Autoregressive Large Language Models are Computationally Universal
Dale Schuurmans, Hanjun Dai, Francesco Zanini
TL;DR
This work demonstrates that an unaided large language model can perform universal computation by leveraging extended autoregressive decoding. It introduces Lag systems as a bridge between language-model decoding and classical computation, constructs a universal Lag system from the small universal TM U_{15,2}, and shows that gemini-1.5-pro-001 can deterministically execute all 2027 production rules via a single system prompt, under greedy decoding. This establishes, under the Church-Turing thesis, that prompting a capable LLM with extended decoding yields a general-purpose computer, with implications for program synthesis and non-formal problem-solving. The work also clarifies the limits of standard generalized autoregressive decoding, which only reaches linear bounded automata, and highlights a path to verifying universality with a compact rule set.
Abstract
We show that autoregressive decoding of a transformer-based language model can realize universal computation, without external intervention or modification of the model's weights. Establishing this result requires understanding how a language model can process arbitrarily long inputs using a bounded context.
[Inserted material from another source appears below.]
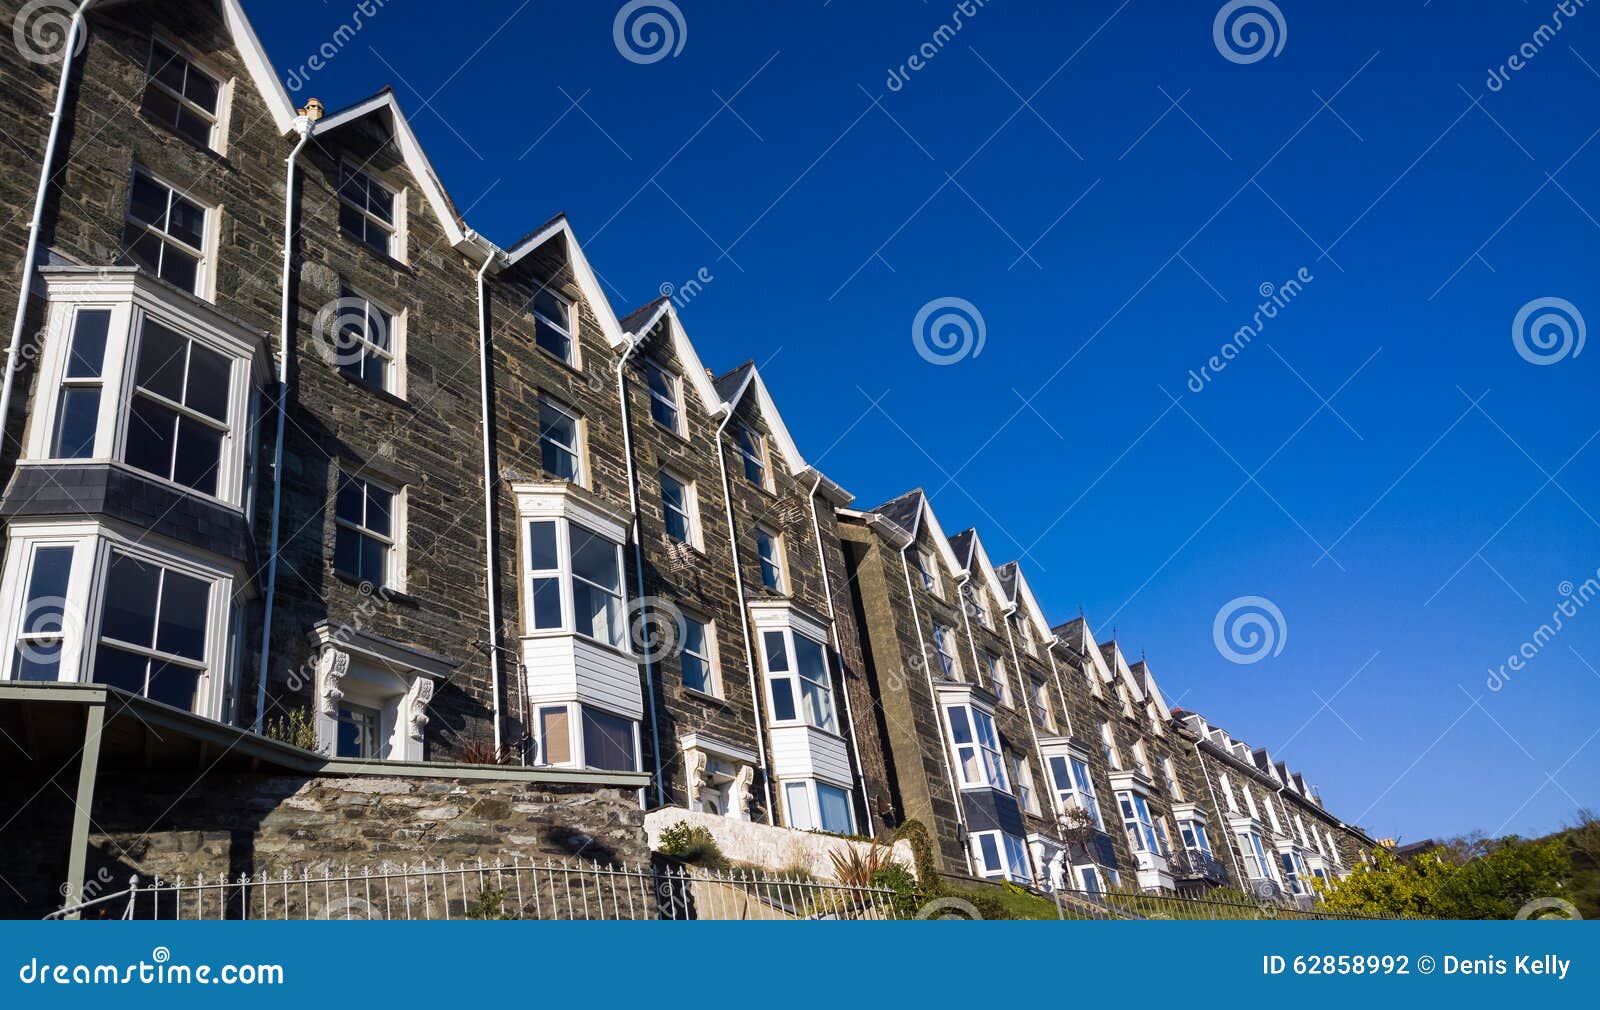 terraced housing in wales uk

For this purpose, we consider a generalization of autoregressive decoding where, given a long input, emitted tokens are appended to the end of the sequence as the context window advances. We first show that the resulting system corresponds to a classical model of computation, a Lag system, that has long been known to be computationally universal. By leveraging a new proof, we show that a universal Turing machine can be simulated by a Lag system with 2027 production rules. We then investigate whether an existing large language model can simulate the behaviour of such a universal Lag system. We give an affirmative answer by showing that a single system-prompt can be developed for gemini-1.5-pro-001 that drives the model, under deterministic (greedy) decoding, to correctly apply each of the 2027 production rules. We conclude that, by the Church-Turing thesis, prompted gemini-1.5-pro-001 with extended autoregressive (greedy) decoding is a general purpose computer.